*** Begin section ***

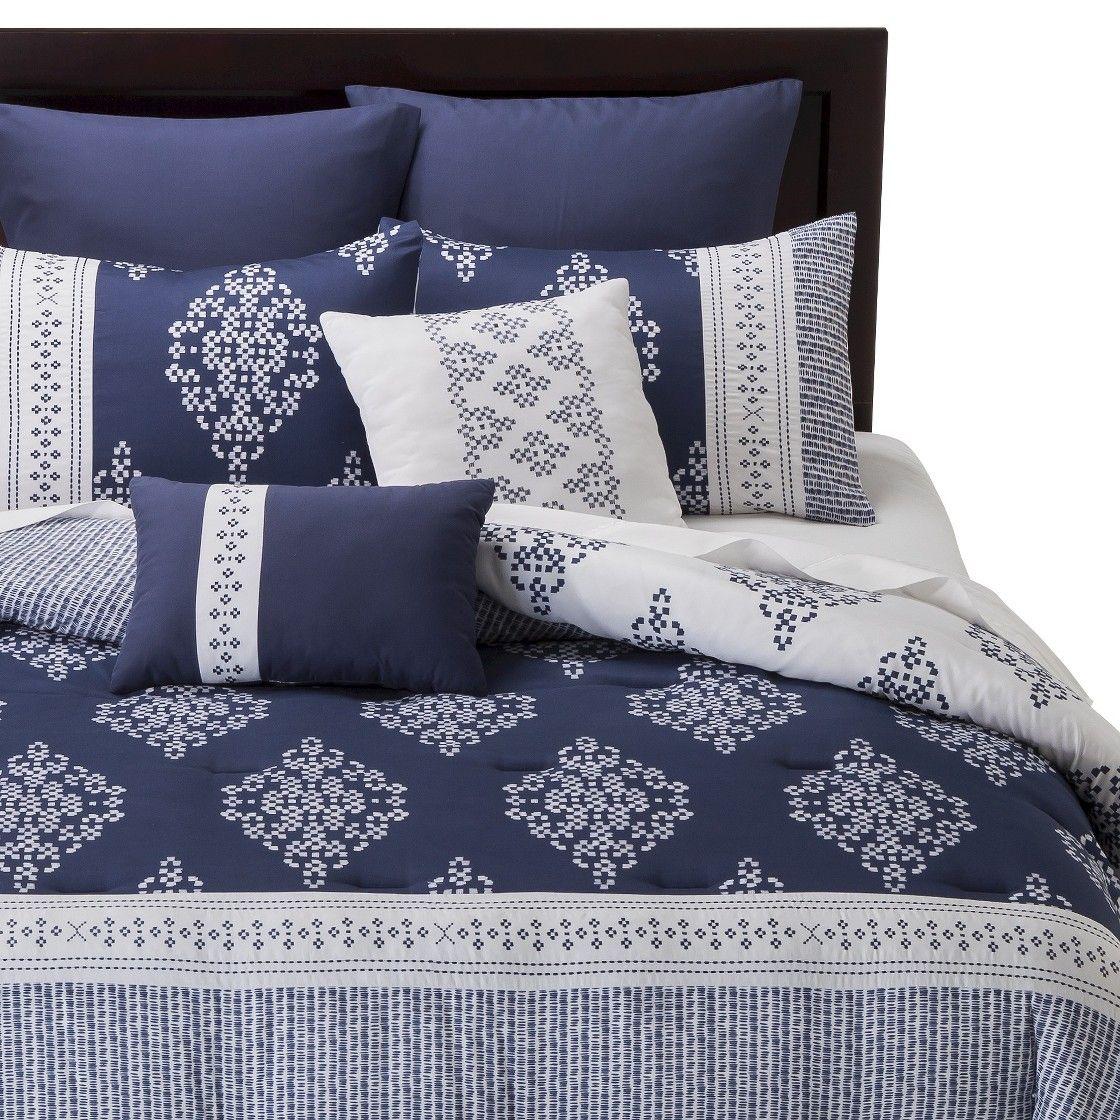 Triple Tap To Zoom In Blue Comforter Sets Comforter
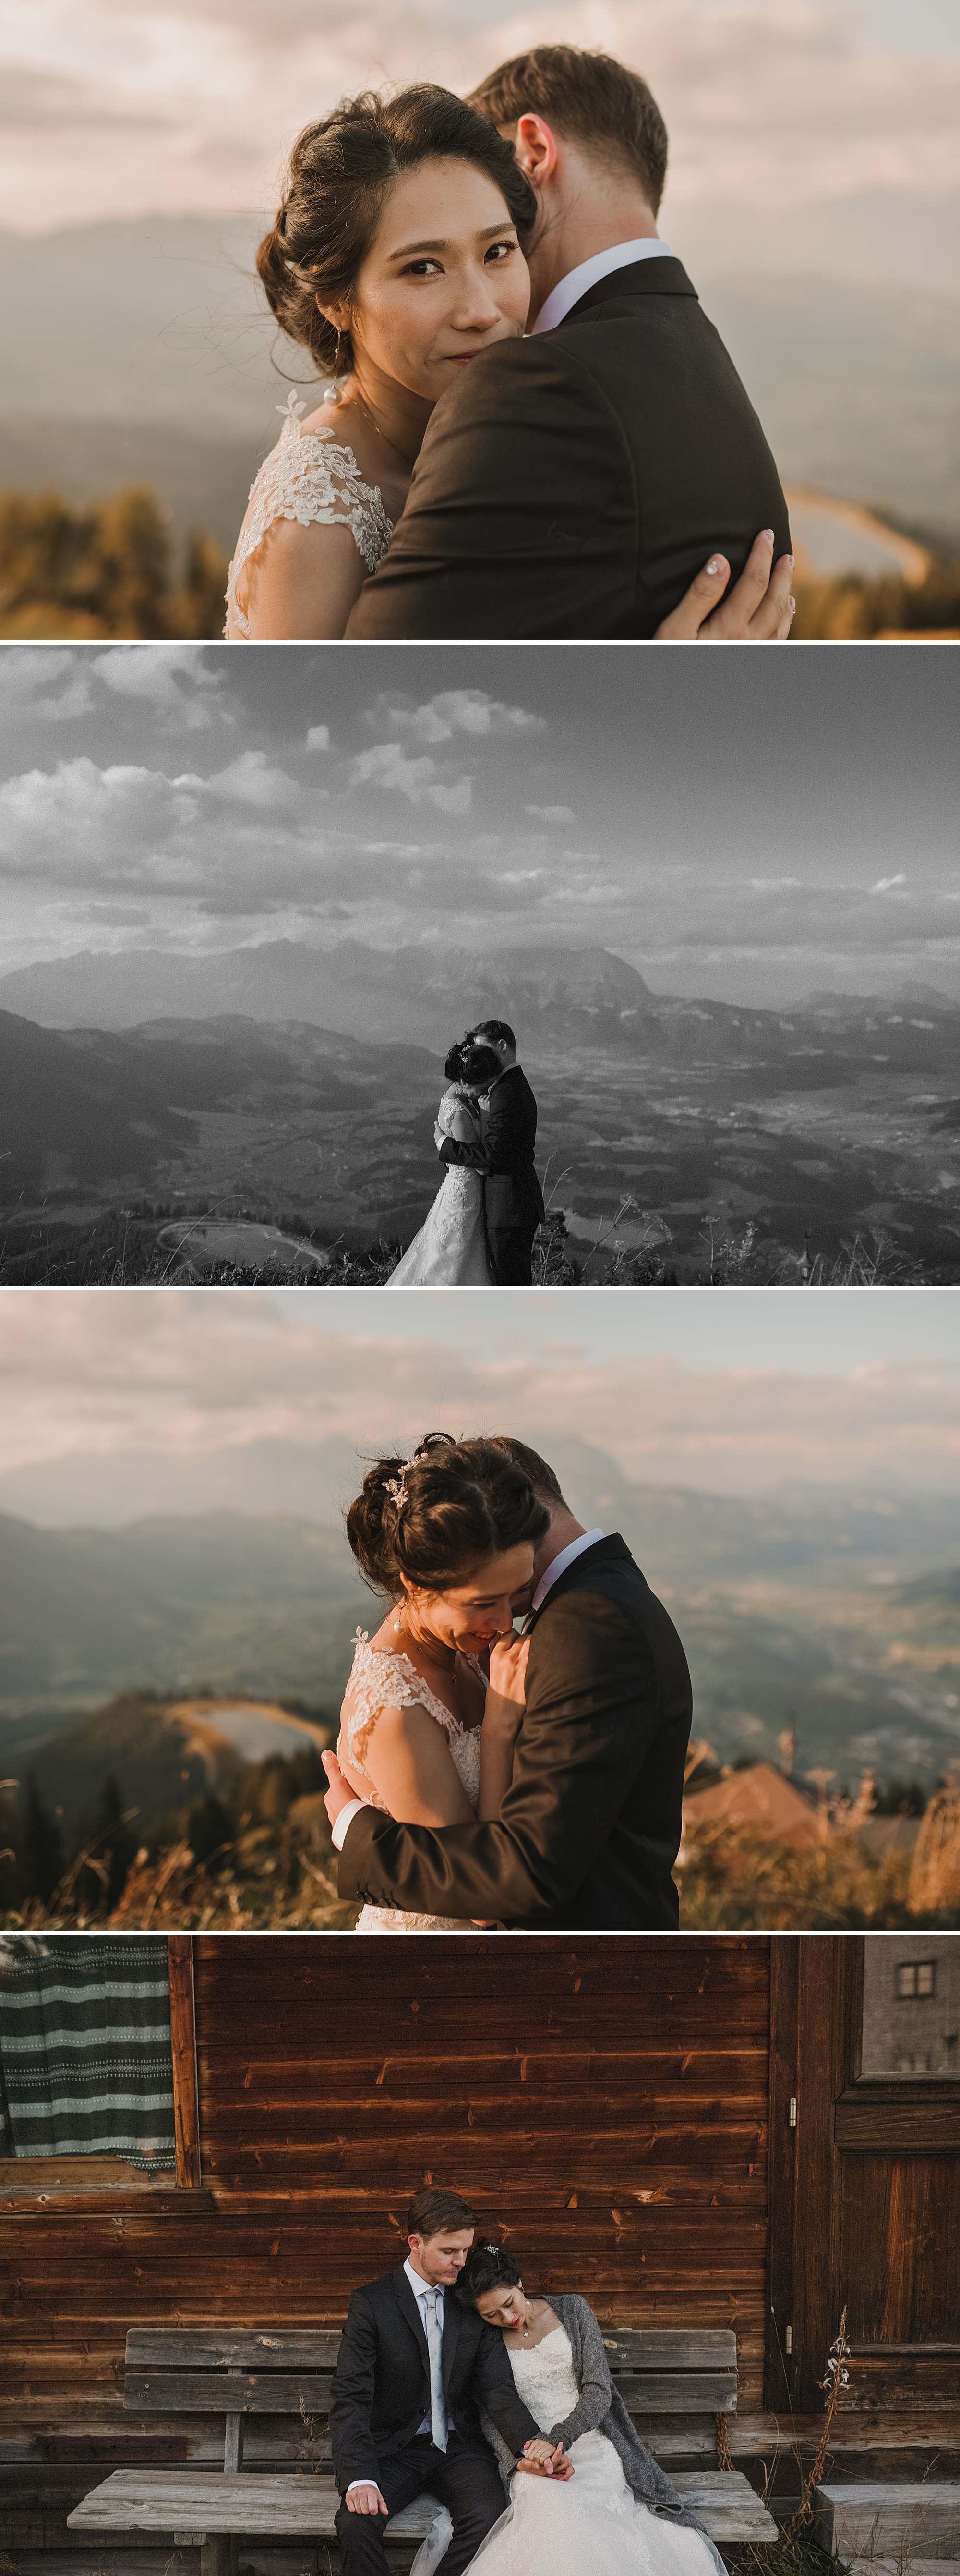 kitzbuehel wedding photographer_0080.jpg
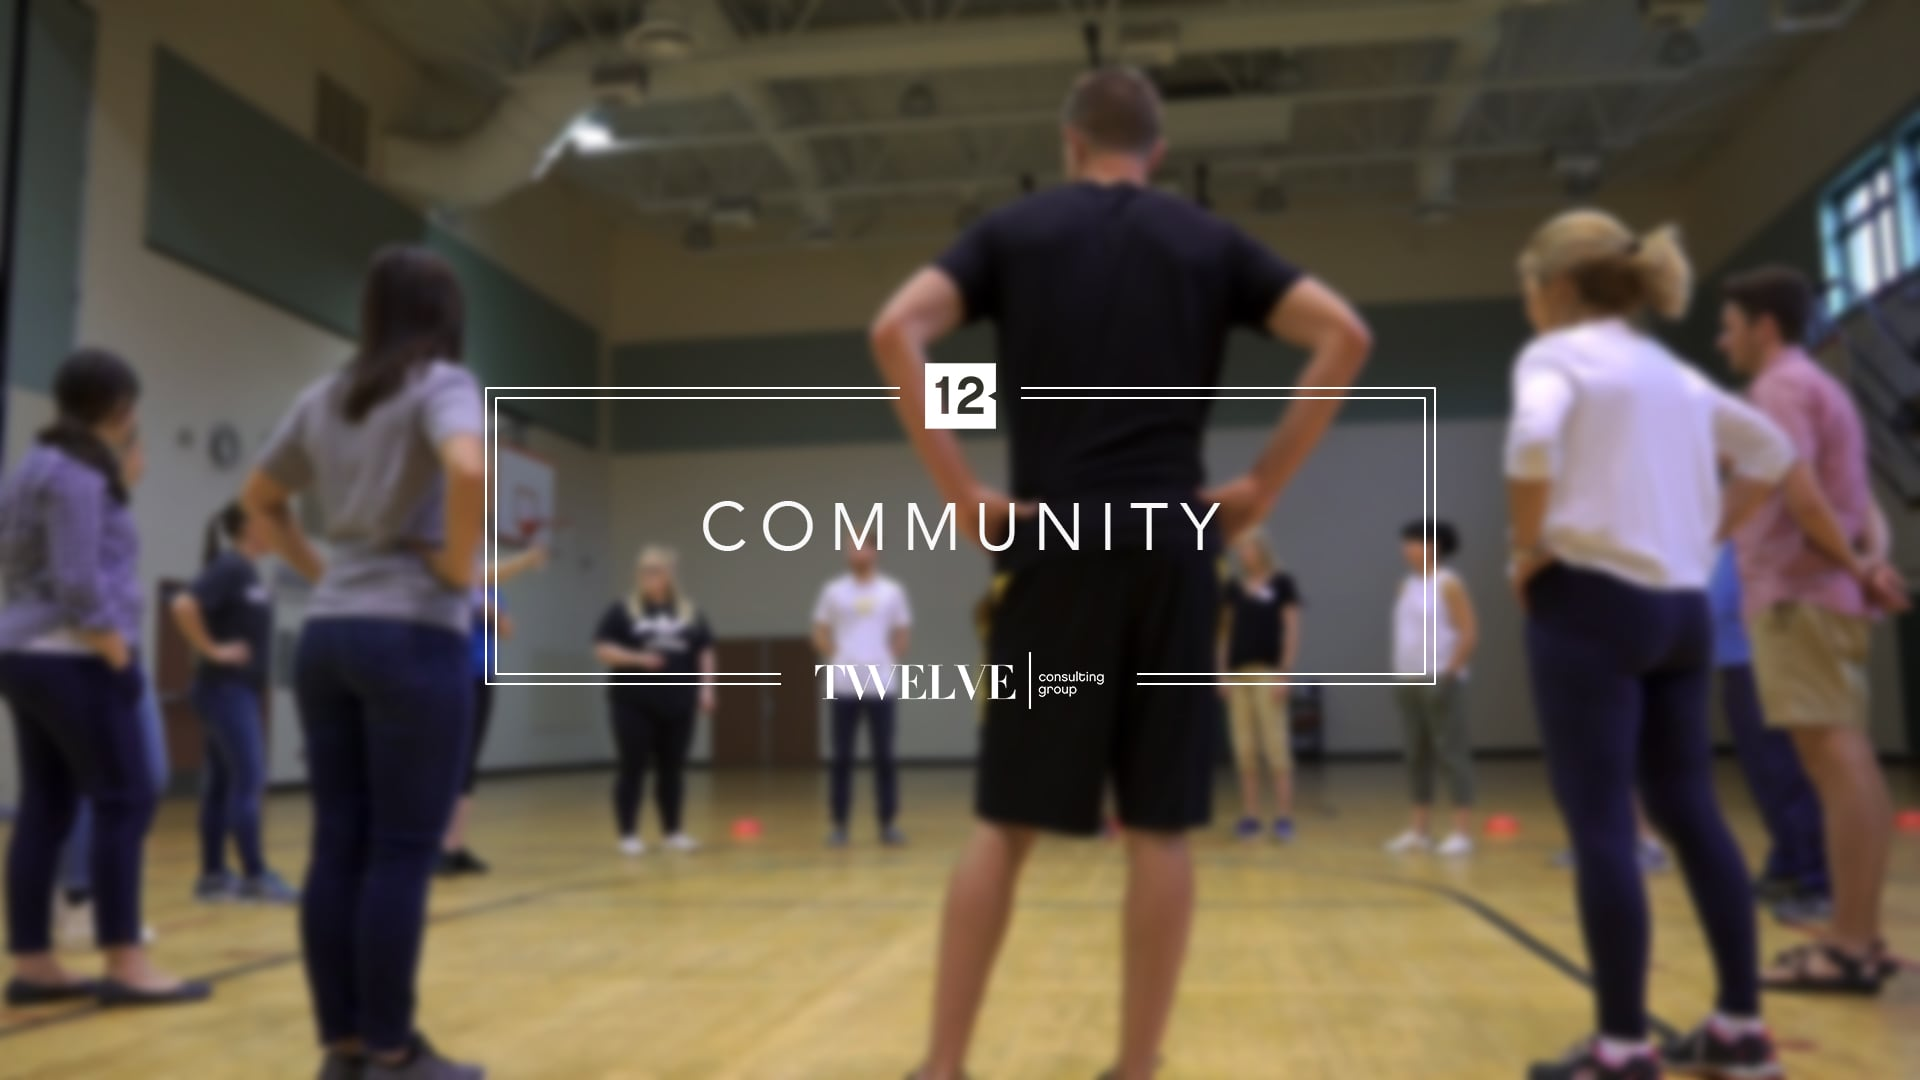 Twelve in the Community

*** End section ***

**INSTRUCTIONS FOR THE TASK:** Working from the line with "kitzbuehel wedding photographer_0080.jpg" to the last line of the material above, repeat each line exactly and leave out the pictures.

**TASK RESULT:**
 kitzbuehel wedding photographer_0080.jpg
 Twelve in the Community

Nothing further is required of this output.